Washington, DC.: Dewan Nasional untuk Sains dan Lingkungan
Cumming, GS (2016); Relevansi dan ketahanan kawasan lindung di Anthropocene.
Antroposen 13, 46–56.
Direktorat Jenderal Planologi Kehutanan dan Lingkungan (2015); Buku Rekalkulasi Penutupan
Lahan Indonesia Tahun 2014 , Direktorat Jenderal Rehabilitasi Hutan dan Perhutanan
Sosial Jakarta (2003); Rehabilitasi
Lahan dan Perhutanan Sosial: Dari Masa Ke Masa (Rehabilitasi Hutan dan Perhutanan Sosial:
Antar Waktu). Kementerian Kehutanan Indonesia
Dixon JA (1992); Analisis dan Pengelolaan DAS, dalam Partha Dasgupta dan Karl-Goran Maler
(ed) The Environment and Emerging Development Issues, Vol.2, ClarendonPress,
Oxford.
Euler, Johannes, dan Sonja Heldt (2018); "Ilmu tentang Lingkungan Total Dari Informasi ke
Partisipasi dan Pengorganisasian Mandiri: Visi untuk Pengelolaan Daerah Aliran Sungai
Eropa." Ilmu Lingkungan Total 621: 905–14. https://doi.org/10.1016/j.scitotenv.2017.11.072.
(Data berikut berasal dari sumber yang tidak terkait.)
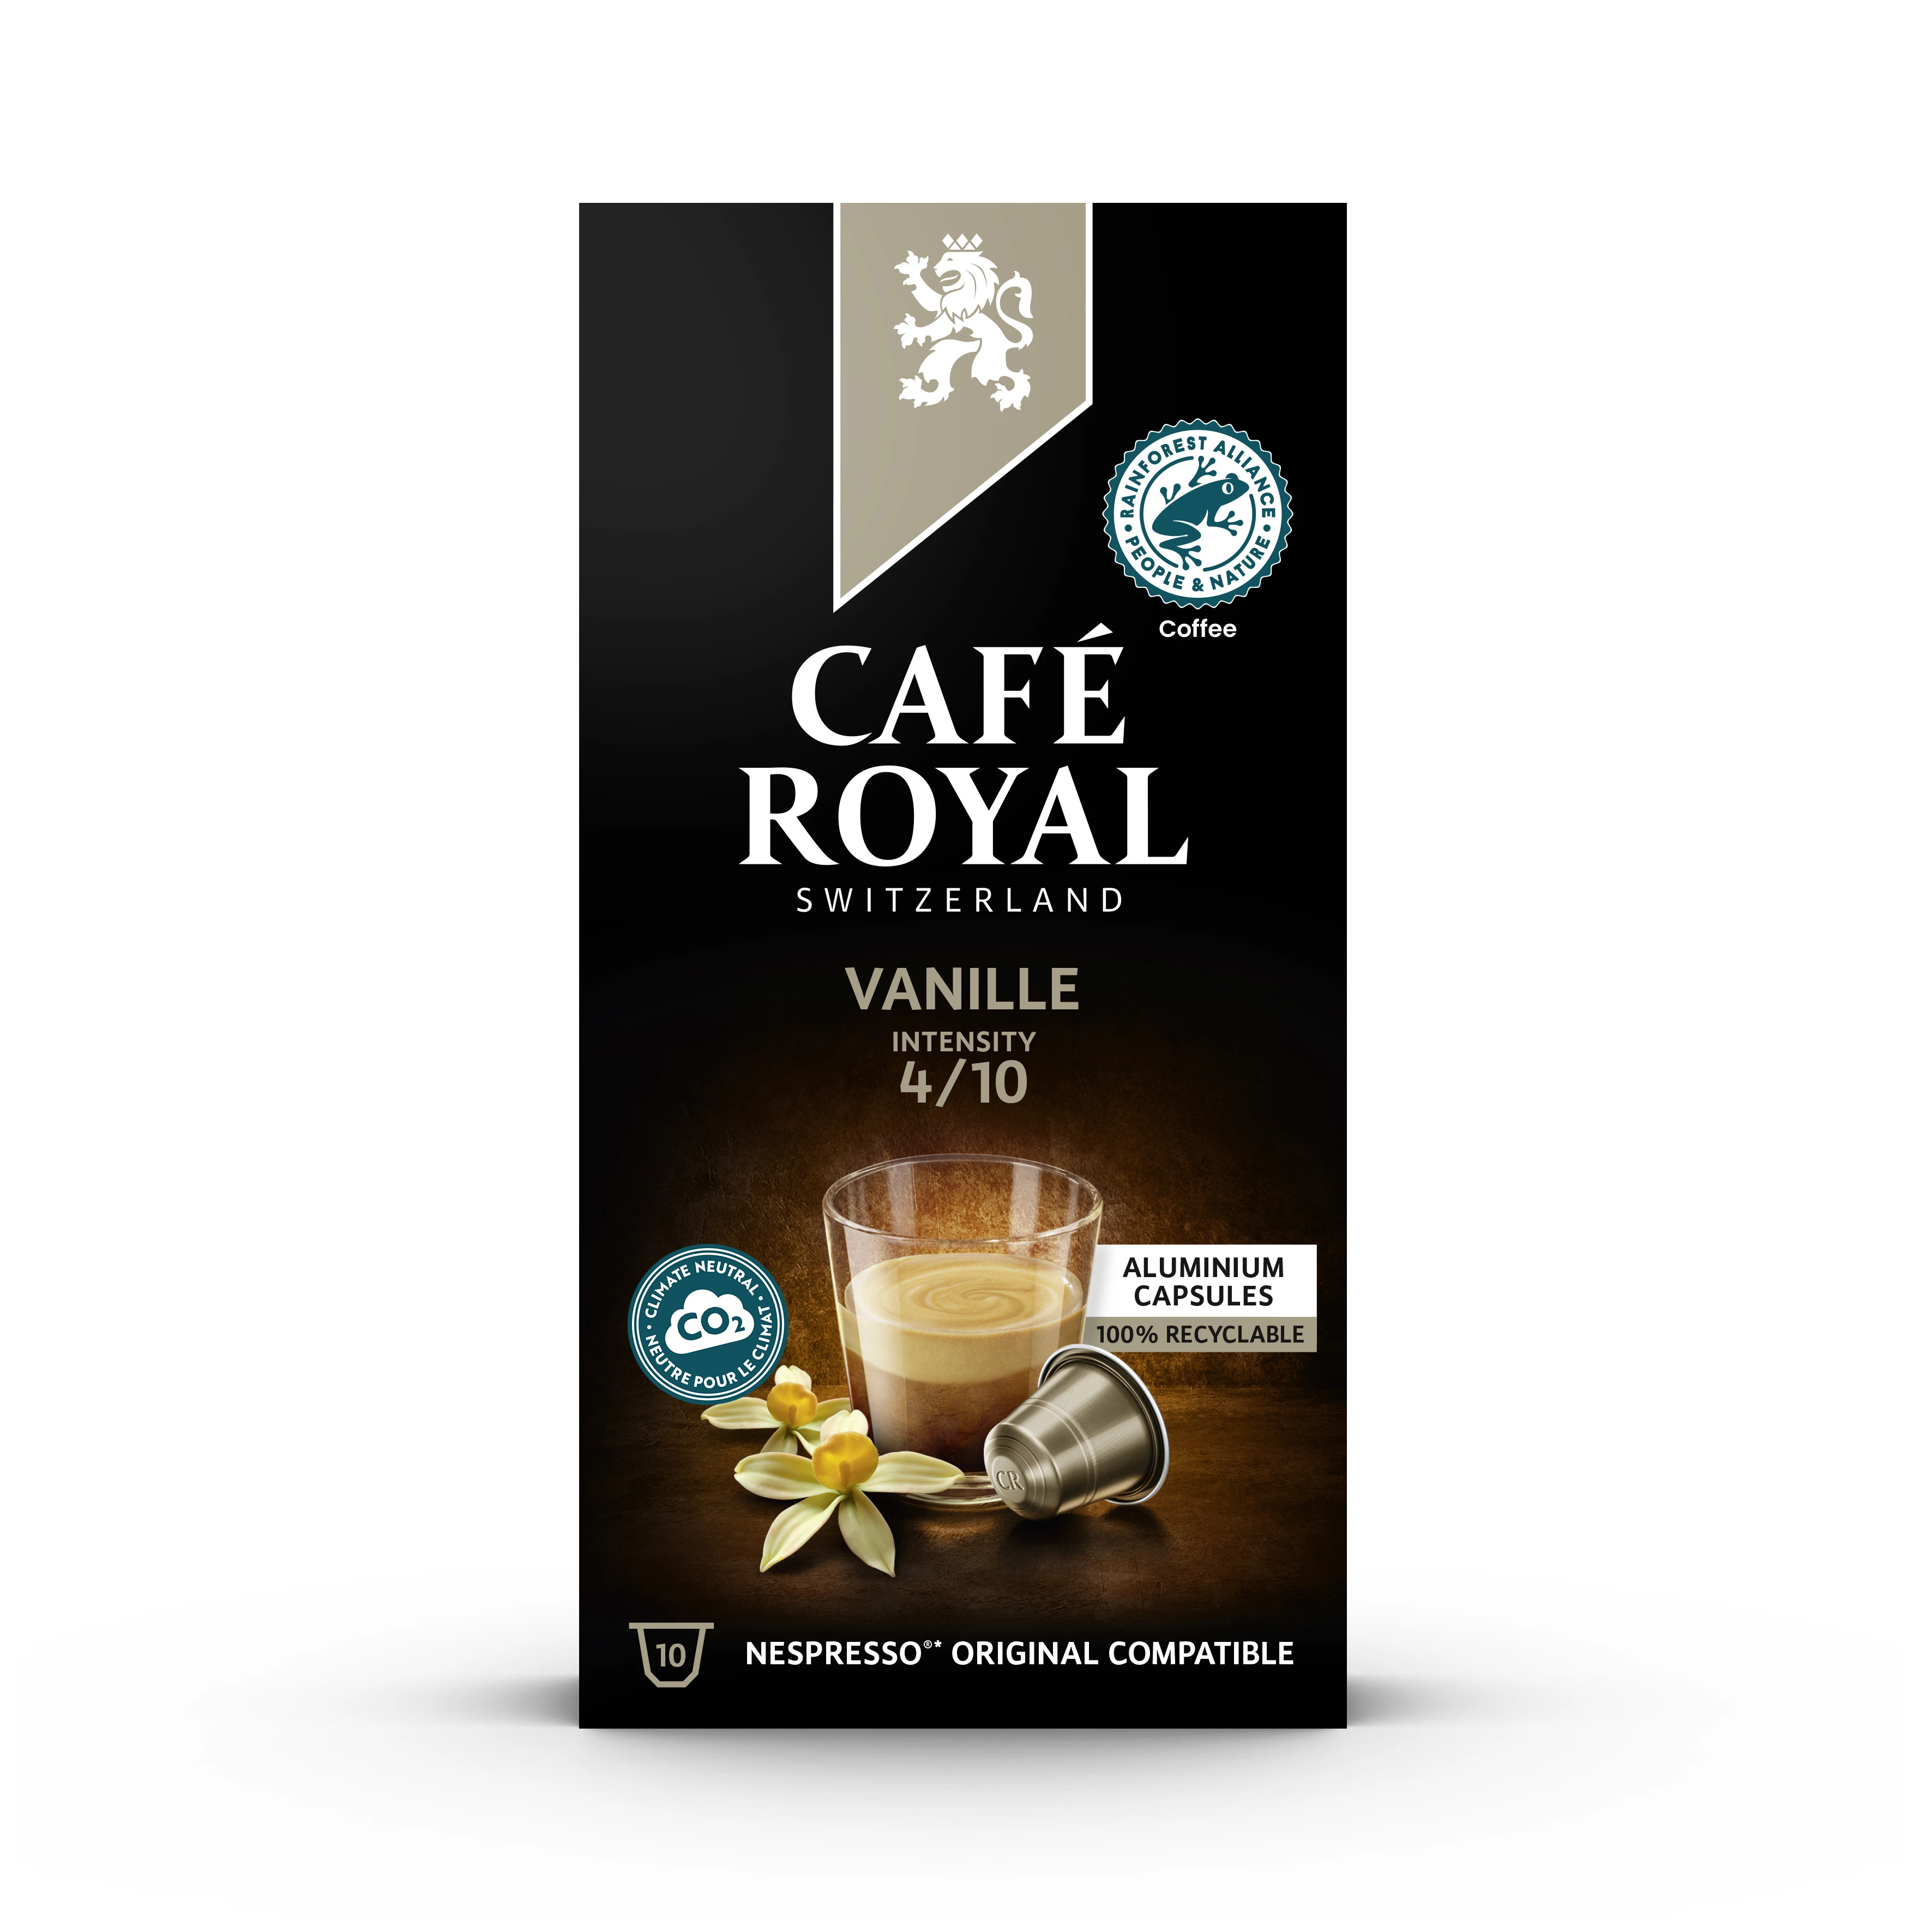 Café Royal Ns AluVanillex10 5

Mtibaa, Slim, Norifumi Hotta, dan Mitsuteru Irie (2018); "Ilmu tentang Analisis Lingkungan
Total tentang Efisiensi dan Efektivitas Biaya dari Praktik Manajemen Terbaik
untuk Mengontrol Hasil Sedimen: Studi Kasus Daerah Aliran Sungai Joumine,
Tunisia." Ilmu Lingkungan Total 616–617: 1–16. https://doi.org/10.1016/
j.scitotenv.2017.10.290.
Mursidin dkk. (1997). 35 tahun Penghijauan di Indonesia (35 tahun Penghijauan di
Indonesia). Presidium Kelompok Konservasi Sumber Daya Alam.
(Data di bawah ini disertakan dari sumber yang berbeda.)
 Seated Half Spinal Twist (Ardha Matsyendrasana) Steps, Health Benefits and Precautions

Direktorat Jenderal Reboisasi dan Rehabilitasi Lahan
Kementerian Kehutanan, Direktorat Jenderal Pembangunan Daerah
Kementerian Dalam Negeri. Jakarta.
Nawir, dkk. 2008. Rehabilitasi hutan di Indonesia: Akan seperti apa setelah lebih dari tiga
dekade? (Rehabilitasi hutan di Indonesia: Akan kemanakah arahnya setelah
lebih dari tiga dasawarsa?) Bogor, Indonesia: Pusat Penelitian Kehutanan
Internasional (CIFOR), ISBN 978-979-14-1235-3.
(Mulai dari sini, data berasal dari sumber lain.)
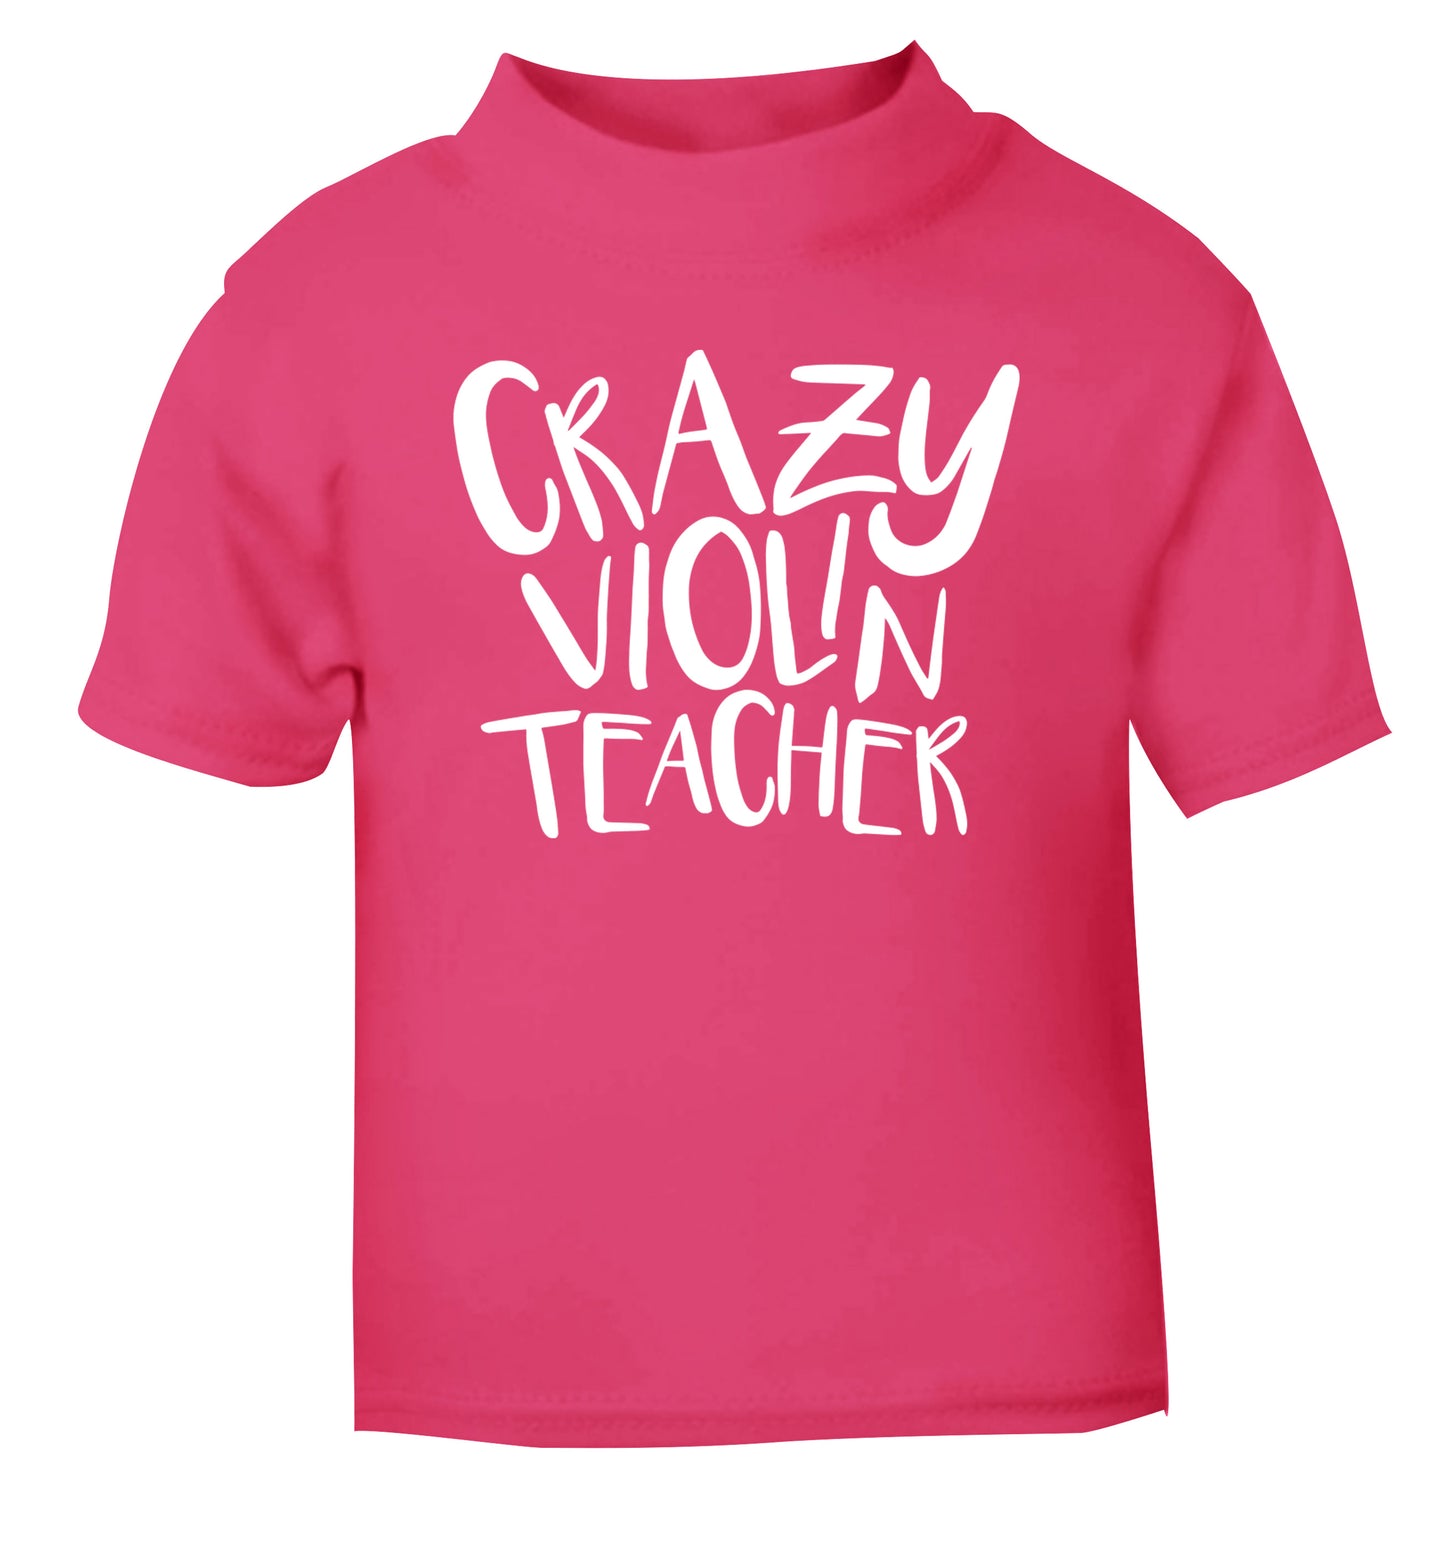 Crazy violin teacher pink Baby Toddler Tshirt 2 Years

Reddy, Ratna V., Saharawat, YS, George, B. (2017); Watershed Management in South
Asia: A Synoptic Review, Journal of Hydrology (2017), doi: http://dx.doi.org/
10.1016/j.jhydrol.2017.05.043 Ruonan Li, Hua
Zheng, Sunyun Lv, Wenting Liao, Fei Lu dkk. (2018); Pengembangan dan evaluasi
indeks baru untuk menilai jasa pengatur hidrologi pada skala sub DAS.
Indikator Ekologi Jurnal 86 (2018) 9–17. Penerbit: Elsevier.